The festival is also set to create a stream of online content that will launch in the coming weeks. Applications are now open for the festival’s assortment of schemes, including The Network for new TV talent, Ones to Watch for rising stars, and TV PhD, which unites television and academia.

This year’s rejig of the festival — which is well attended by local industry and acclaimed for its editorial curation and innovative programming — comes just months after the event unveiled new leadership in Campbell Glennie, the event’s former director of education and talent development who was promoted to managing director; and former Variety international correspondent Stewart Clarke, who took on the role of creative director.

The decision to cancel the physical TV festival comes a week after Edinburgh called off its world-renowned Fringe Festival, as well as four other major summer festivals.

Glennie promised Tuesday that the 2020 festival will “not be the festival we know, but it will still be the festival we love.”

“We have decided that, in the best interests of everyone we would seek to bring together, educate and support, that we will not be staging the TV Festival physically in Edinburgh this August.

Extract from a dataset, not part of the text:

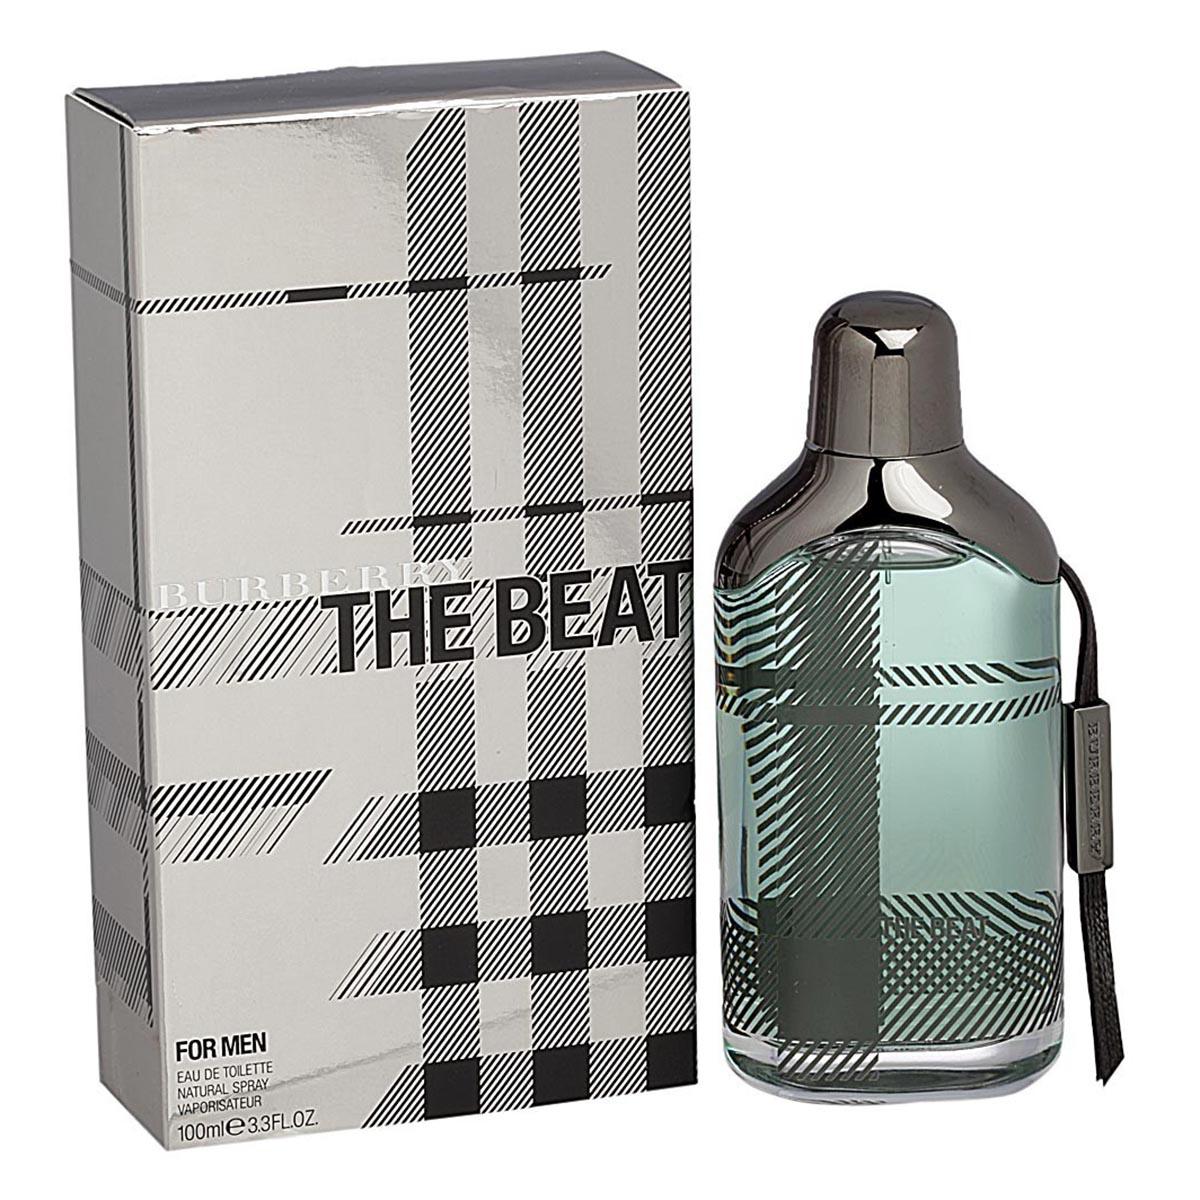 Burberry the beat eau de toilette for men 100ml vaporizador

However, our industry is based on creative innovation and so too is the Festival,” said Glennie.

“For the past week we have been in consultation with our board, partners and supporters to re-examine not just what we could achieve this year, but more importantly what we should be doing to connect, discuss and find solutions to issues both perennial and particular to the evolving challenges we all face,” he said.

Patrick Holland, this year’s advisory chair and BBC Two controller, added: “I believe that Edinburgh’s role as a lightning rod for our industry is more important than ever this year. The key themes we’ll be discussing; the future of the PSBs in the U.K. ecology, the role of TV in the climate emergency, reflecting the diversity of the audience in who makes and is featured in our shows — are brought into even sharper relief by the coronavirus crisis. I look forward to working with the team to bring that spirit to everyone between now and August.”